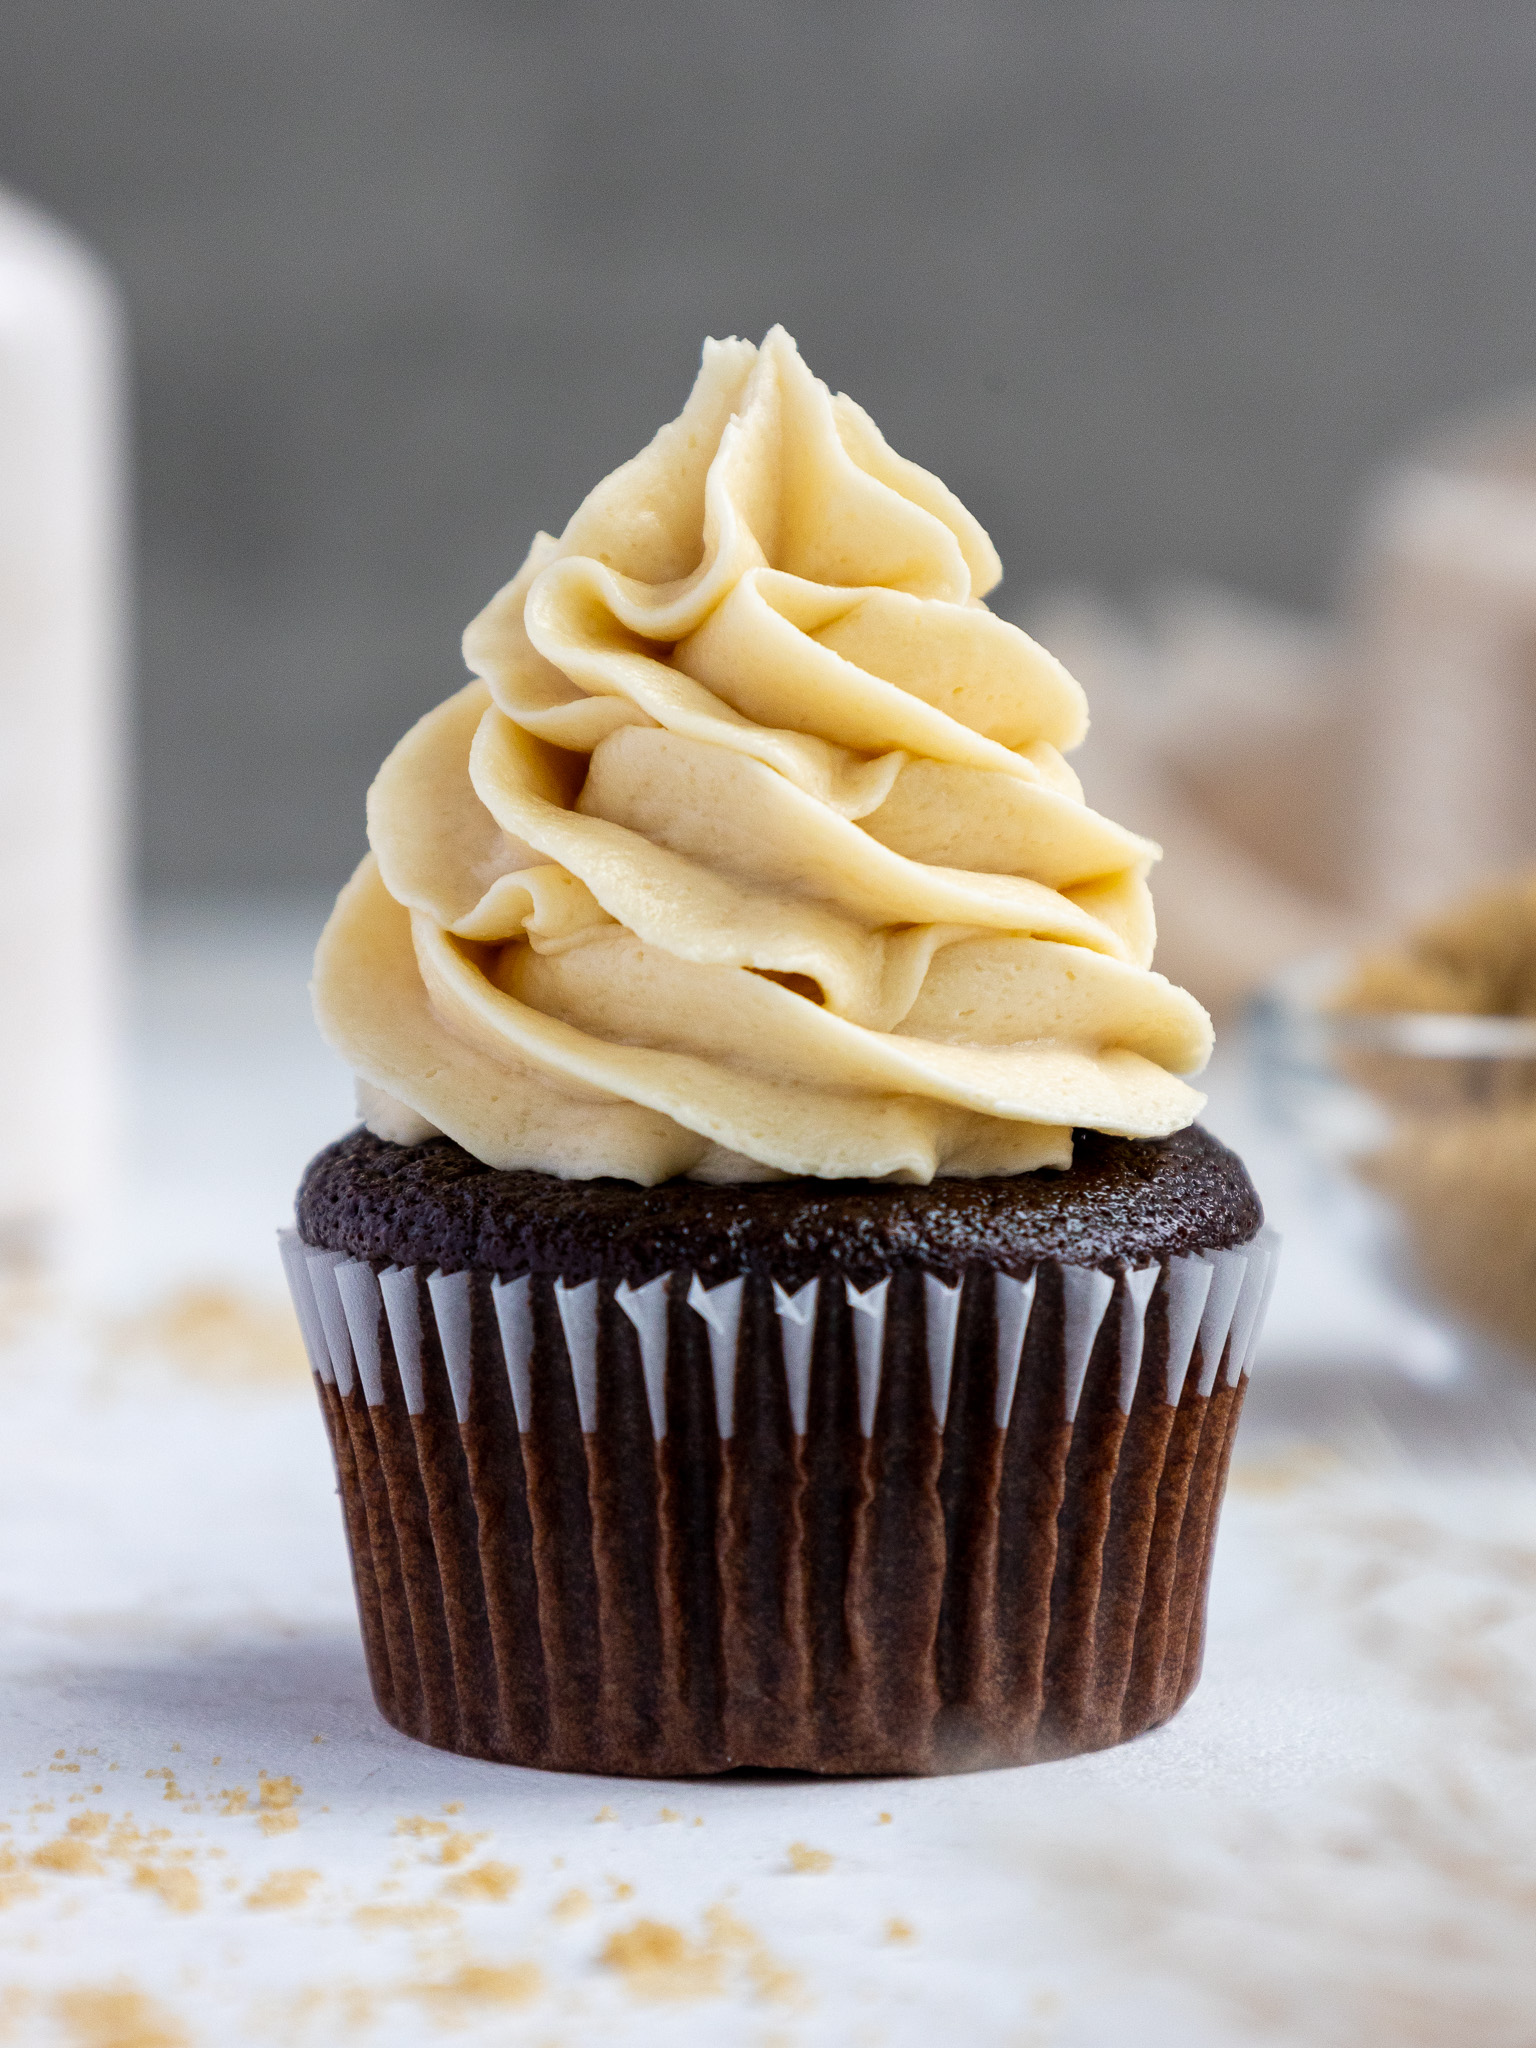 image of brown sugar frosting that's been piped onto a chocolate cupcake
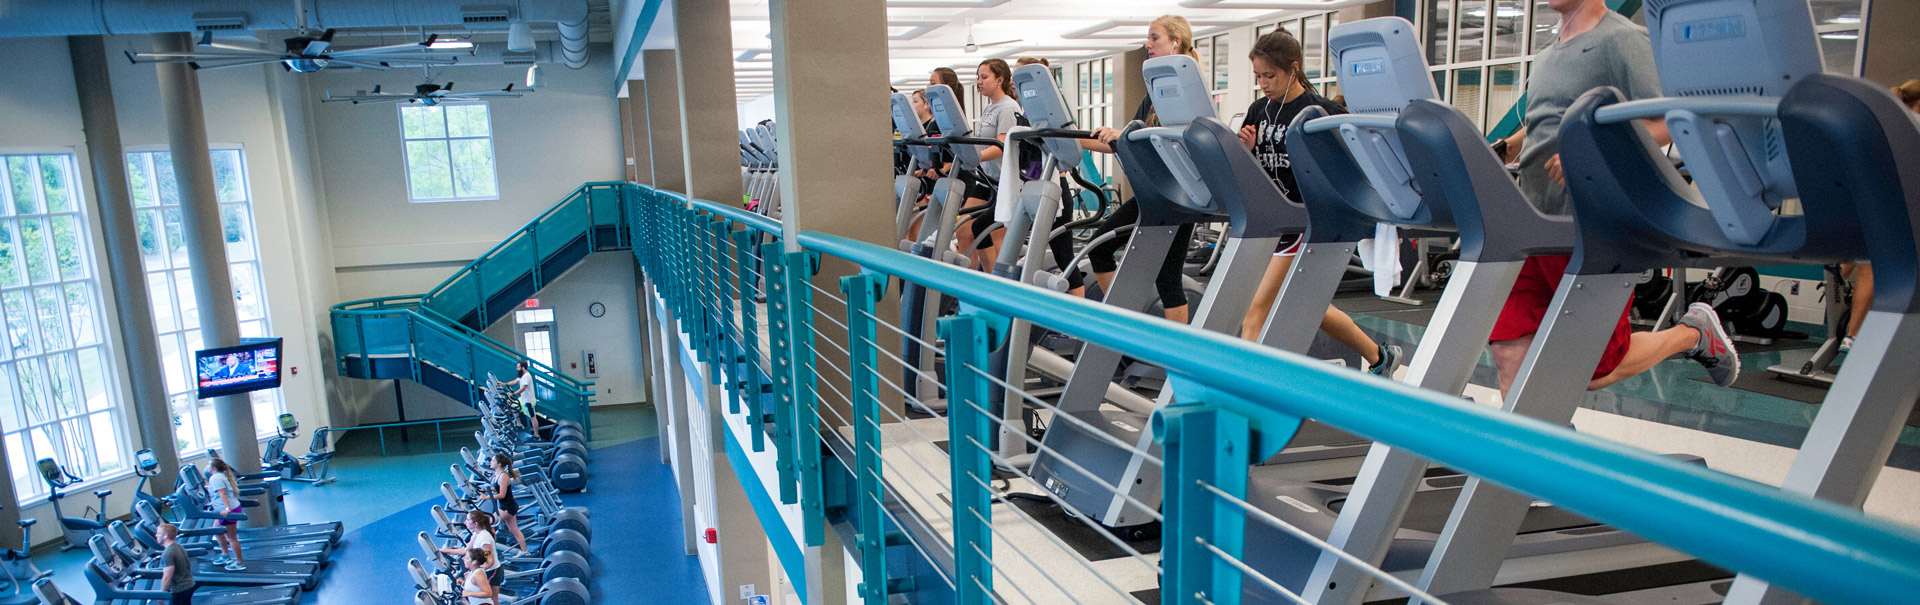 Patrons use the cardio deck and fitness equipment located in the Pat Leonard Student Recreation Center
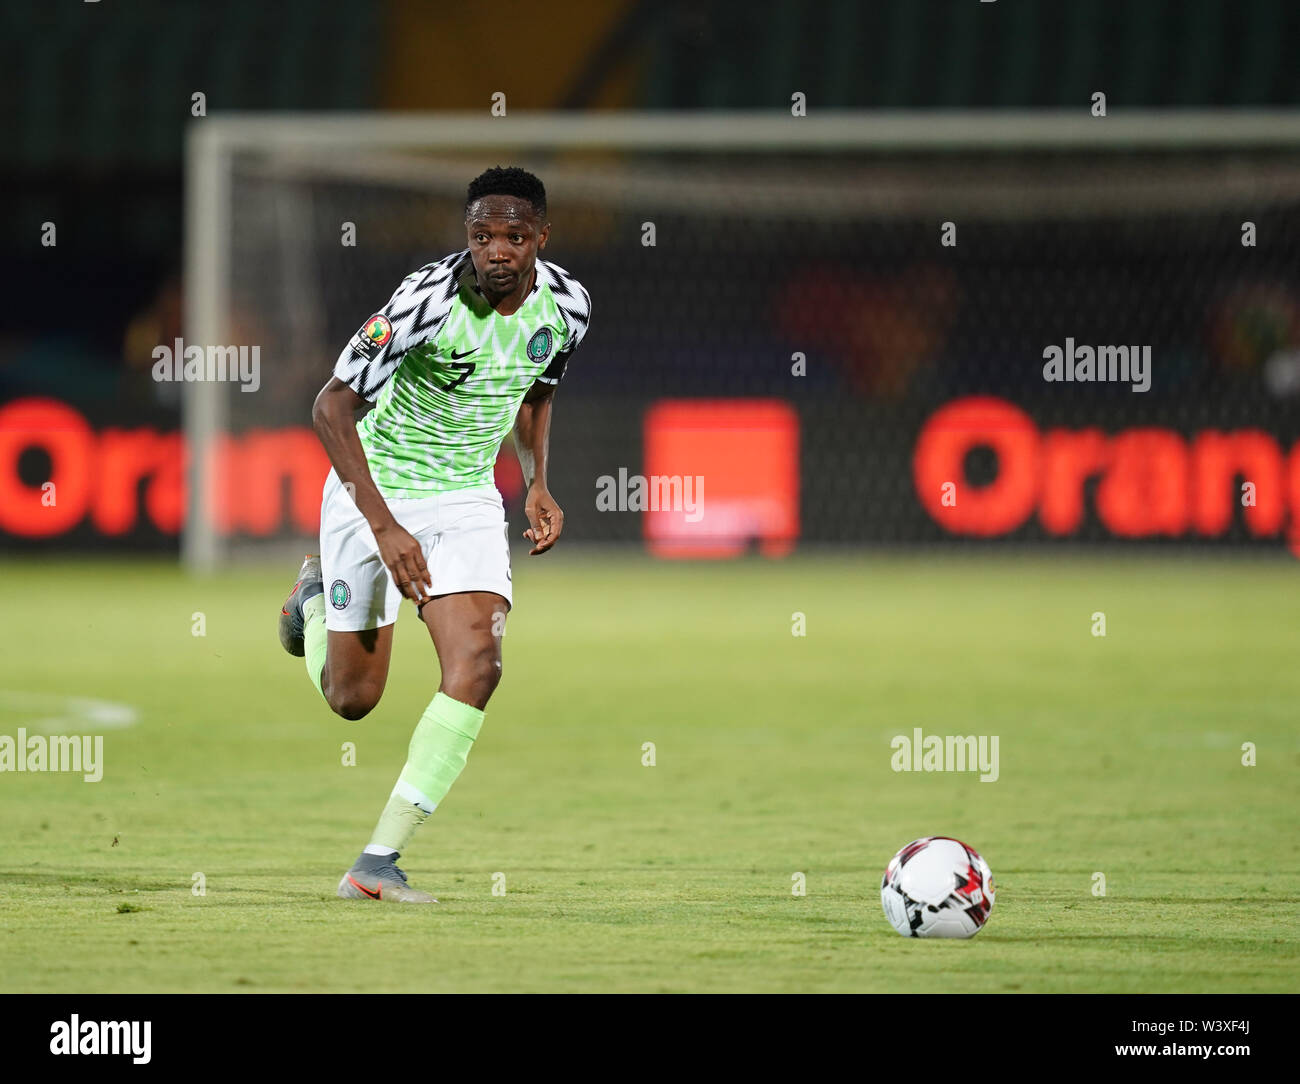 Cairo, Tunisia, Egypt. 17th July, 2019. FRANCE OUT July 17, 2019: Ahmed Musa of Nigeria during the 2019 African Cup of Nations match between Tunisia and Nigeria at the Al Salam Stadium in Cairo, Egypt. Ulrik Pedersen/CSM/Alamy Live News Stock Photo

■ ■ ■

▸ **What to produce**:
Give again, word for word, the lines above from the one with "Patrons use the" through the final line of the data, both ends included. Do not copy any picture.

▸ **Exercise output**:
 Patrons use the cardio deck and fitness equipment located in the Pat Leonard Student Recreation Center
 Cairo, Tunisia, Egypt. 17th July, 2019. FRANCE OUT July 17, 2019: Ahmed Musa of Nigeria during the 2019 African Cup of Nations match between Tunisia and Nigeria at the Al Salam Stadium in Cairo, Egypt. Ulrik Pedersen/CSM/Alamy Live News Stock Photo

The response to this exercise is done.